AMP activated protein kinase (AMPK) serves as a metabolic checkpoint, down regulating cell growth and cell division in the absence of an adequate supply of biosynthetic and energy substrates (14). In this respect, AMPK has been likened in its function to p53 that serves as a guardian of genome integrity. AMPK has been shown to be an exquisitely sensitive detector of small changes in the intracellular ratio of AMP to ATP, and some investigators have even proposed that AMPK plays a central role in homeostatic regulation of whole body energy metabolism (22). We have reported that PA results in AMPK activation (7). This suggests that PA is either altering substrate availability (the fuel mixture presented to tissues throughout the body) or that activation is being induced via a mechanism independent of the AMP to ATP ratio. In this regards, it is becoming clear that additional factors control the activation of AMPK, including various cytokines (23).

Protein kinase B (Akt) PA has been reported to decrease circulating levels of IGF-1 (24), an observation confirmed in our work under some conditions of PA (6;9). Lower levels of IGF-1 would be expected to down-regulate signaling via the pathway of which IGF-1 receptor, phosphoinositide kinase-3 (PI3K), and Akt are components. Of these proteins, activated Akt, a serine/threonine kinase, is the critical affecter molecule. Akt is activated by its phosphorylation on Ser473. Phospho-Akt serves important roles in cell proliferation, cell survival and new blood vessel formation that are associated with tumor development (25). While it is clear that reduced levels of activated Akt are likely to affect proliferation, apoptosis and angiogenesis by mechanisms independent of mTOR (reviewed in (26)), the finding that PA induced both AMPK activation and down regulation of growth factor signaling via Akt, points to mTOR as a downstream target mediating the effects of PA. That mTOR may represent a molecular target that is regulated by PA to inhibit carcinogenesis is a currently unappreciated possibility.

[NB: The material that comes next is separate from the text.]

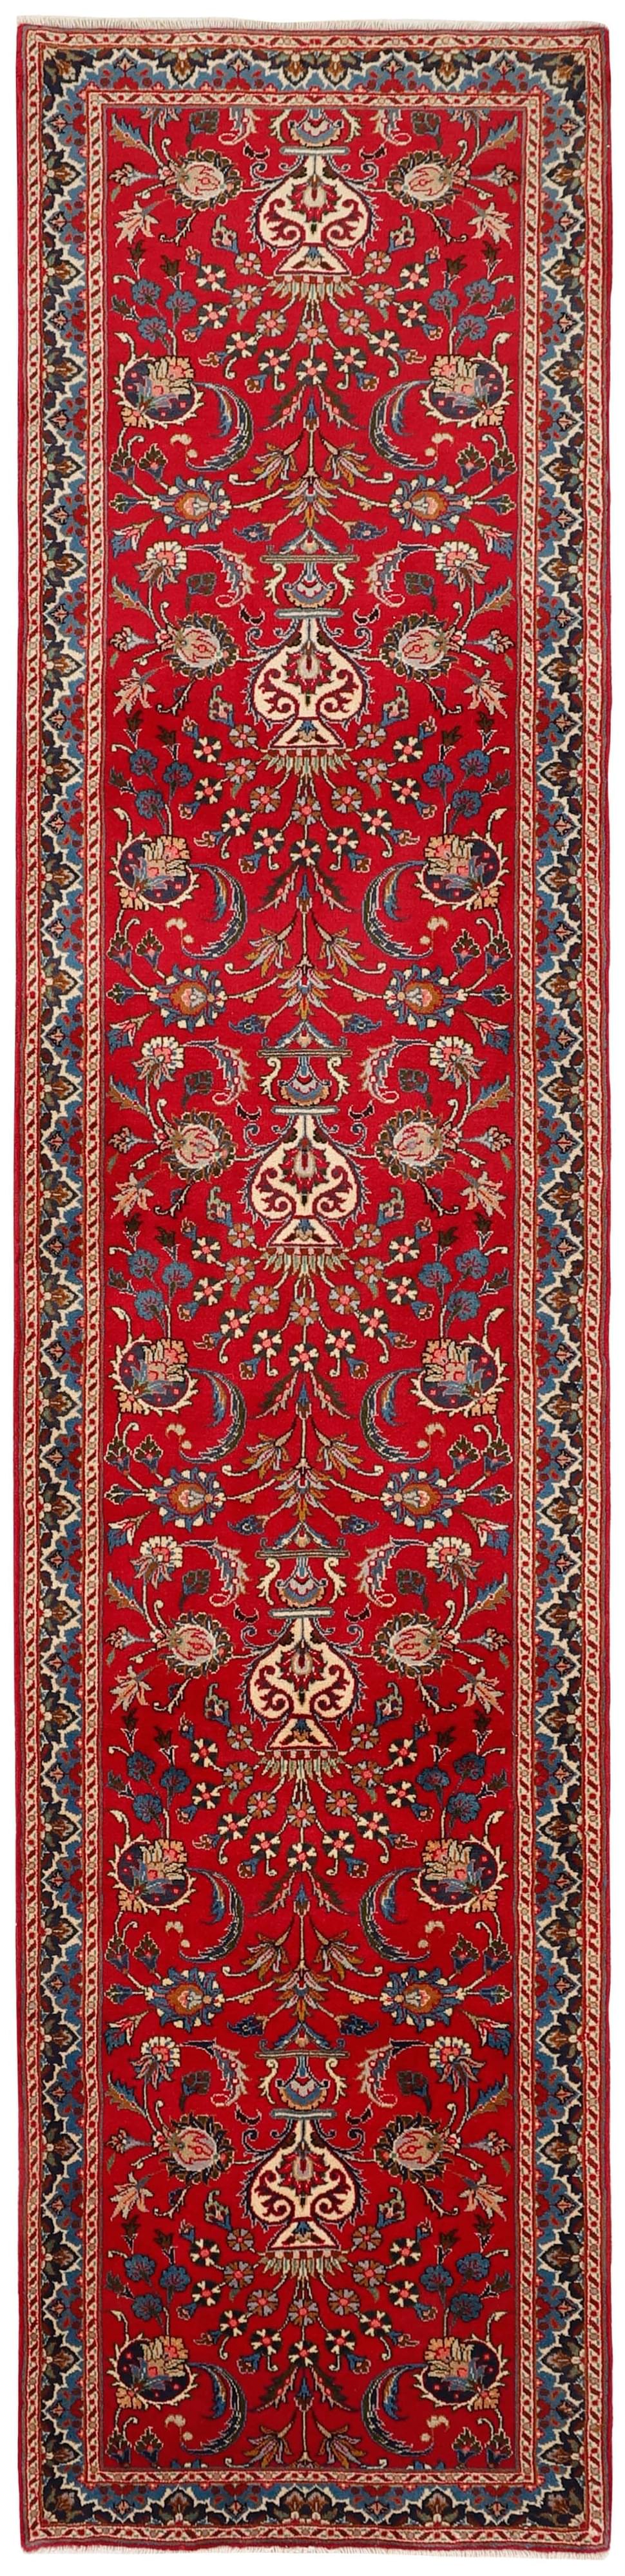 authentic persian runner with a traditional floral design in red

Insulin like growth factor-1 (IGF-1) The insulin-like growth factor (IGF) signaling system plays a critical role in the growth and development of many tissues and regulates overall growth ((27) and references therein). The IGF system has also been implicated in various pathophysiological conditions, and is thought to play a particularly prominent role in tumorigenesis. The IGF system is comprised of the IGF ligands (IGF-I and IGF-II), cell-surface receptors that mediate the biological effects of the IGFs, including the IGF-I receptor (IGF-IR), the IGF-II receptor (IGF-IIR), and the insulin receptor (IR), as well as a family of IGF-binding proteins (IGFBPs). IGFBPs affect the half-lives and bioavailability of the IGFs in the circulation, in extracellular fluids, and may exert IGF-independent effects under certain conditions. Most, if not all, of the effects of IGF-I result from its activation of the IGF-IR and lead to activation of the mitogen-activated protein kinase (MAP kinase) and PI3 kinase cascades. The ultimate targets of the MAP kinase and PI3 kinase cascades include members of mTOR network and forkhead transcription factor families. Regulation of transcription factors provides a mechanism by which IGF action at the cell surface can elicit changes in gene expression that eventually mediate the proliferative, differentiating, and apoptotic effects of IGF-1. In 1998, Hawkinson et al. reported that pre-menopausal, but not post-menopausal women in the highest tertile of serum IGF-I levels had a significantly increased risk of developing breast cancer (28). We have found that the level of plasma IGF-1 and signaling in mammary carcinomas via the pathway of which the cell surface receptor of IGF-1 is a component were reduced by PA (6;9).

The hormesis hypothesis

This hypothesis predicts that the carcinogenic response to PA is hormetic, i.e. non linear (J or U-shaped) and accounted for by a physiological cellular stress response.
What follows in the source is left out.